Viviamo tempi davvero tristi e, specie in ragione di alcuni episodi di cronaca che investono il mondo dei ragazzi, sembra si stia per sovvertire ogni ordine morale: violenza e bullismo si vanno facendo di moda. Particolare impressione ha fatto la notizia di qualche settimana fa, allorché un insegnante è stato aggredito da un suo allievo, con l’intervento pure dei suoi genitori, addirittura entro la scuola stessa e durante le lezioni. Evidentemente sarà stato facile esclamare: ma dove siamo arrivati!
Riteniamo che per capirci di più su quel che sta succedendo, sia assai utile rivedere da dove siamo partiti. Allora scopriremo l’eredità degli anni sessanta, i famigerati o formidabili anni della contestazione che, pur con gli elementi positivi di un rivolta storica, seminarono non pochi equivoci destinati a perdurare e a fare danni. Uno di questi equivoci fu senz’altro la messa in forse e quindi la progressiva distruzione del principio di autorità. Con l’idea di definire una nuova linea morale rispetto alla tradizione, si distruggeva un ordine civile che costituiva invece per il ragazzo, oltre che guida, tutela e sostegno. Al capo famiglia, al maestro, al professore non si dava più quel rispetto indizio di un ordine sociale ormai travolto, anzi l’atto di irriverenza era considerato progressivo e spesso addirittura meritevole di plauso.
C’era in questo fanatico distruggere qualcosa di irriflesso e, inconsciamente, pure di ridicolo. Il qui scrivente ricorda quando intorno agli anni ’65-66, all’improvviso, per ordine superiore, vide scomparire le pedane da sotto i tavoli delle cosiddette cattedre. Si disse perché il docente doveva da allora in poi stare col suo tavolo allo stesso livello dei tavoli degli allievi, perché questi non vedessero nella cattedra un sovrastare opprimente. Nessuno pensò che invece quello stare sulla pedana era per un più comodo ed agevole guardare e farsi guardare tra docente e allievi nel dialogare delle lezioni. Quel livellamento e la sua scomodità rimasero.

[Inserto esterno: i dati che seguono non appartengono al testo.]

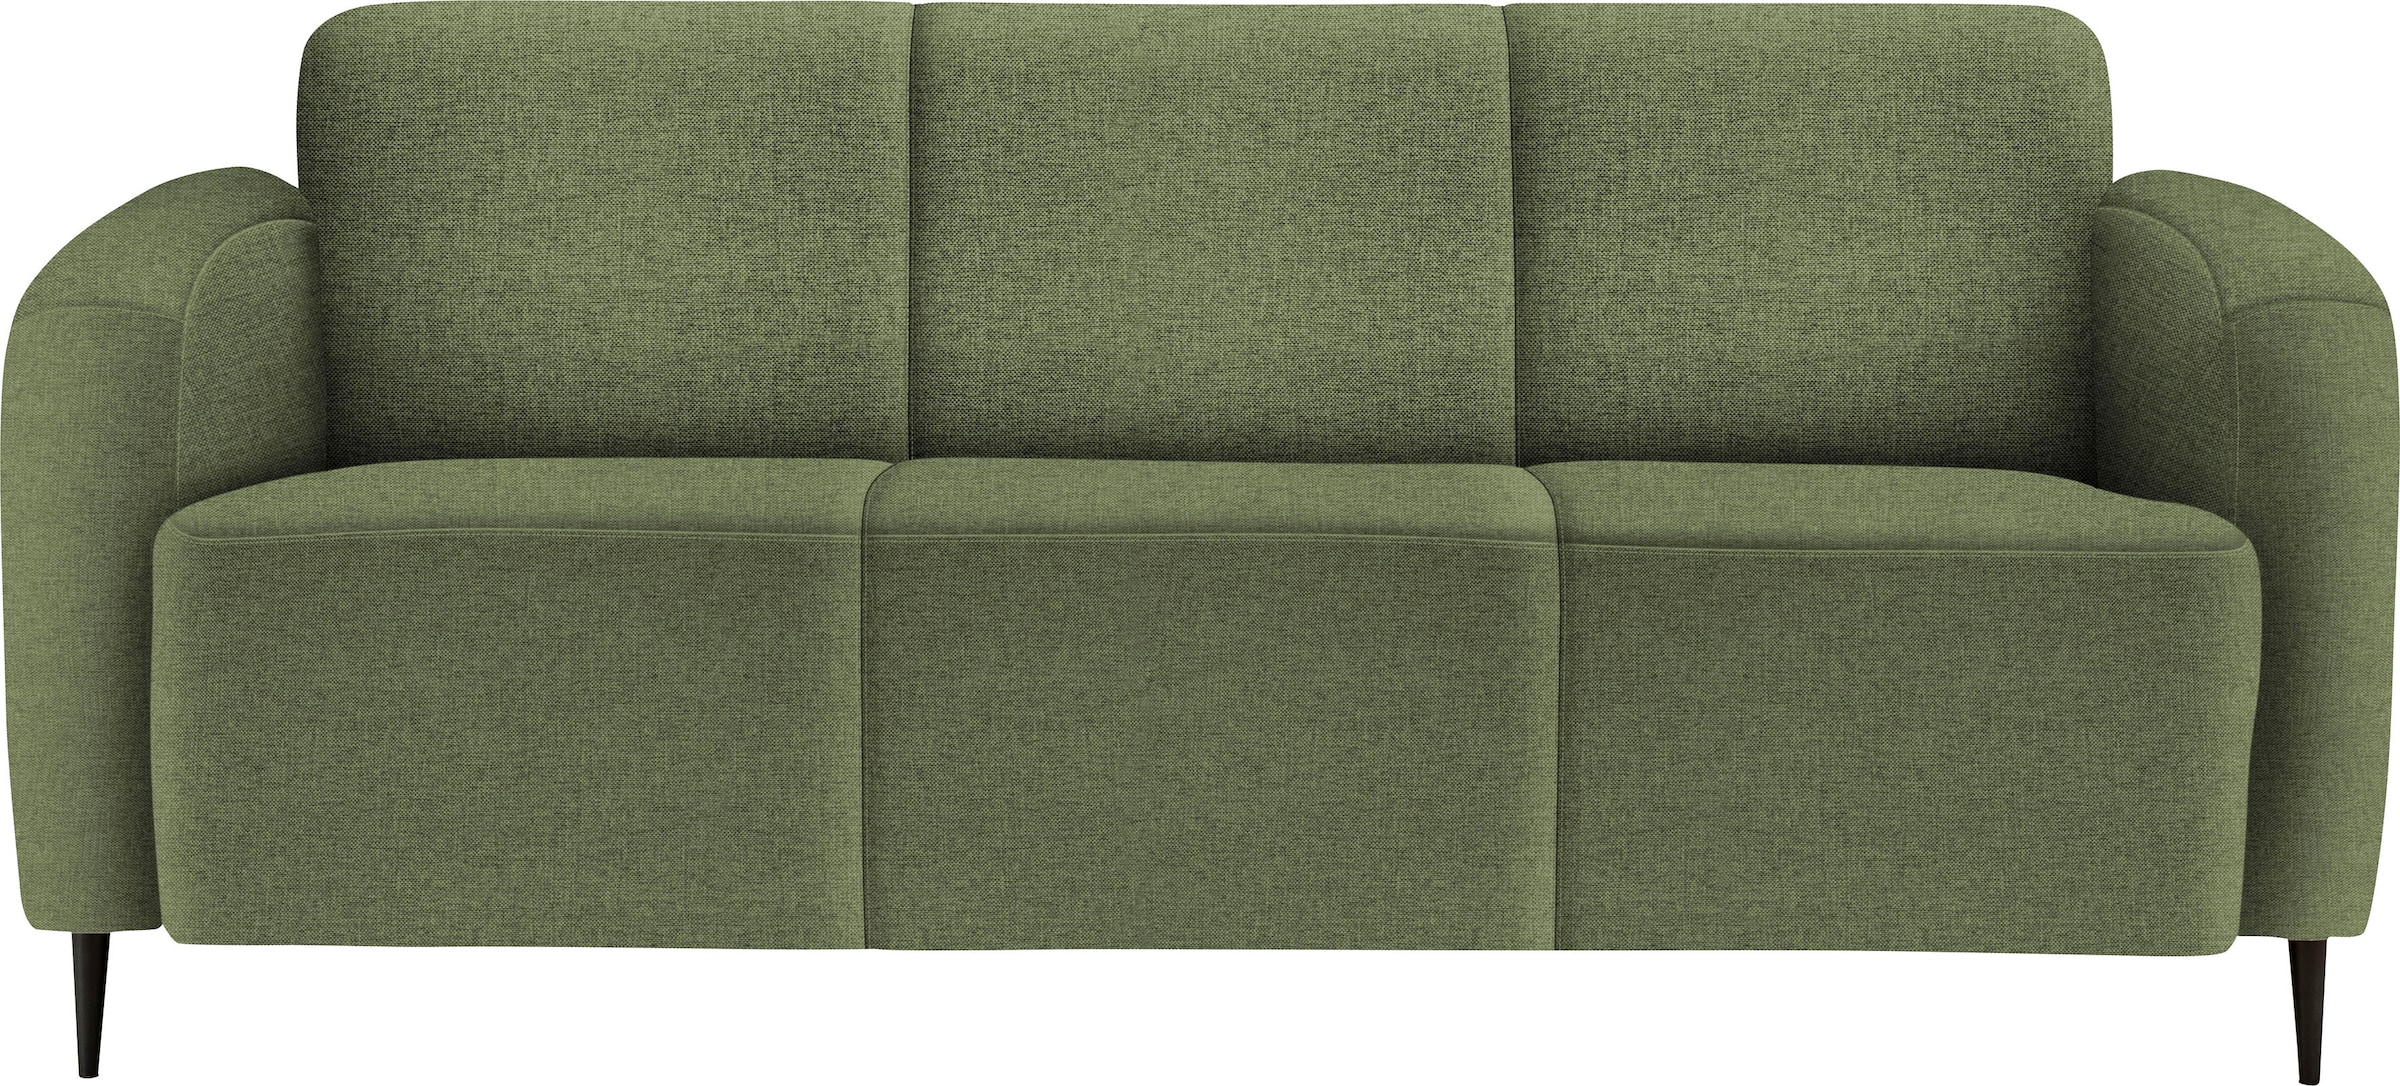 3-Sitzer-Sofa online kaufen bei Quelle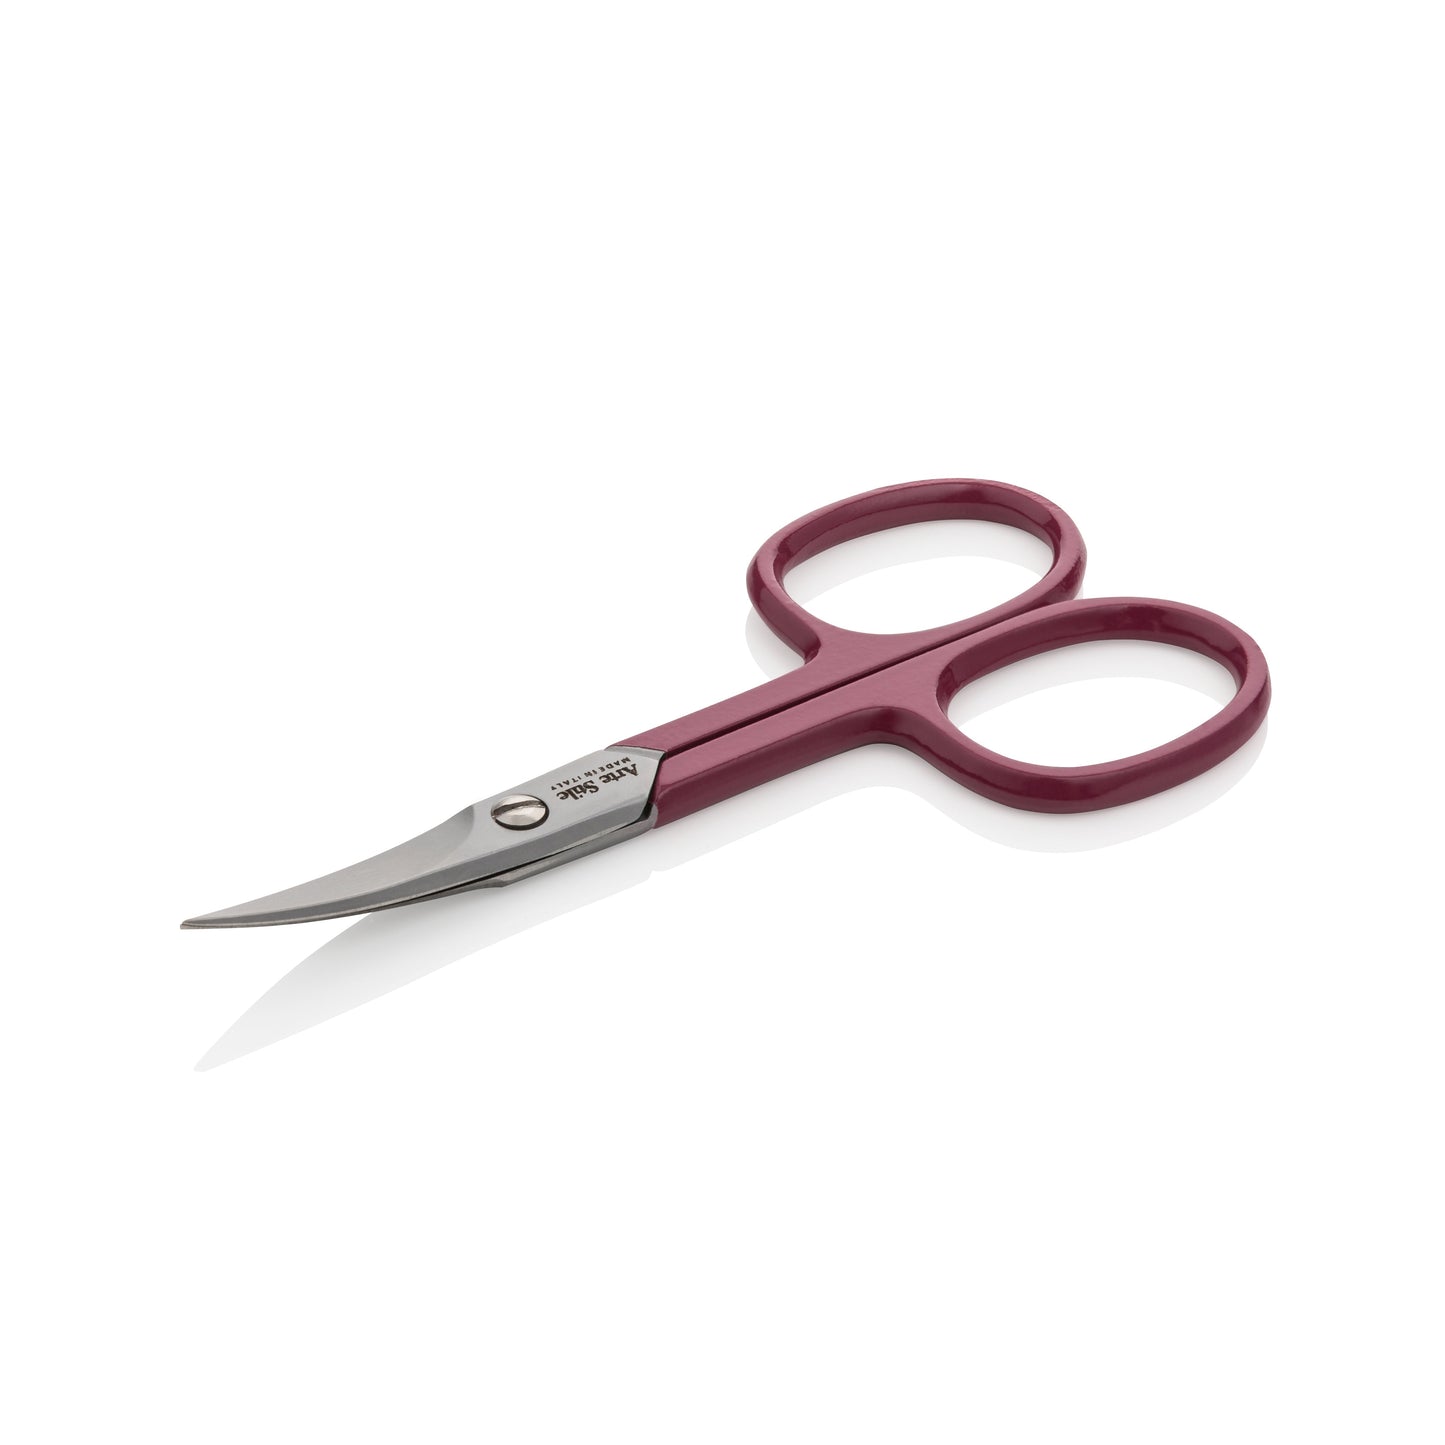 Slant Tip Tweezers + Nail Scissors in Barolo

Comunque, come suole succedere nelle evenienze storiche, ai fermenti positivi, cioè alle buone intenzioni, si mescolano remore ed equivoci e per lo più sono questi a durare nel futuro. Così è accaduto nel mondo studentesco. Il sessantotto fu un periodo del novecento che certo merita ancora studio e, visto che siamo alla ricorrenza dei cinquant’anni, sarebbe anche ora, ma resta già sicuramente valido il giudizio che alla gioventù studentesca dei nostri giorni sia rimasta da allora solo un’eredità di petulanza e di vuoto.
Se si rifacesse la storia di quel che accadde intorno appunto al ’68 si troverebbe con sorpresa di tutto, dalle occupazioni delle scuole, alle guerriglie urbane, alle violenze terroristiche, alla celebrazione quali numi tutelari di Marx, Lenin, Che Guevara, nei collettivi frequentati più per vezzo che per coscienza critica della realtà vissuta. E c’erano i puri, inquadrati e strumentalizzati ma erano una minoranza. I più erano destinati ad alzare il vessillo di una rivoluzione culturale che col passare degli anni sarà sempre meno culturale e più idonea a realizzare il consumismo presuntuoso e straccione del futuro, cioè dei nostri giorni.
Né ci pare a proposito sia da trascurare il riferimento ad un libro che di tutto il caotico e violento contestare studentesco di una volta pare siglare il fallimento, e così spiegare gli equivoci d’oggi. Si tratta del celebre Porci con le ali, firmato nel 1976 da Marco Lombardo Radice e dalla scrittrice Lidia Ravera. Era il libro di due rivoluzionari, che però non accusava la società e le sue strutture, tutt’altro, costituiva piuttosto la presa di coscienza da parte di protagonisti di una rivoluzione che si vive ma non si sente e allorché non si realizza il miglioramento della condizione umana che è e resta quella degli affetti in bilico. Sarà il libro dei tempi dei collettivi e degli agguati studenteschi, ma destinato piuttosto a restare documento inquietante di una crisi morale della gioventù tutta sesso, turpiloquio e soprattutto inadeguatezza a realizzare una vita di coppia. E sotto questo aspetto ci pare un libro ancora attualissimo. Solo che oggi non si avrebbe da parte dei giovani quella coscienza critica dissacrante sulla condizione di essere nella scuola e nella società in vista di un futuro, perché la loro non è più cultura come esperimento, come progetto o come polemica. Quel che allora fu negazione di principi e di valori oggi nei ragazzi è solo presunzione e reazione per non essere risvegliati dalle solitudini, ove quasi tutti dimorano, attanagliati a tablet e smartphone, senza sosta.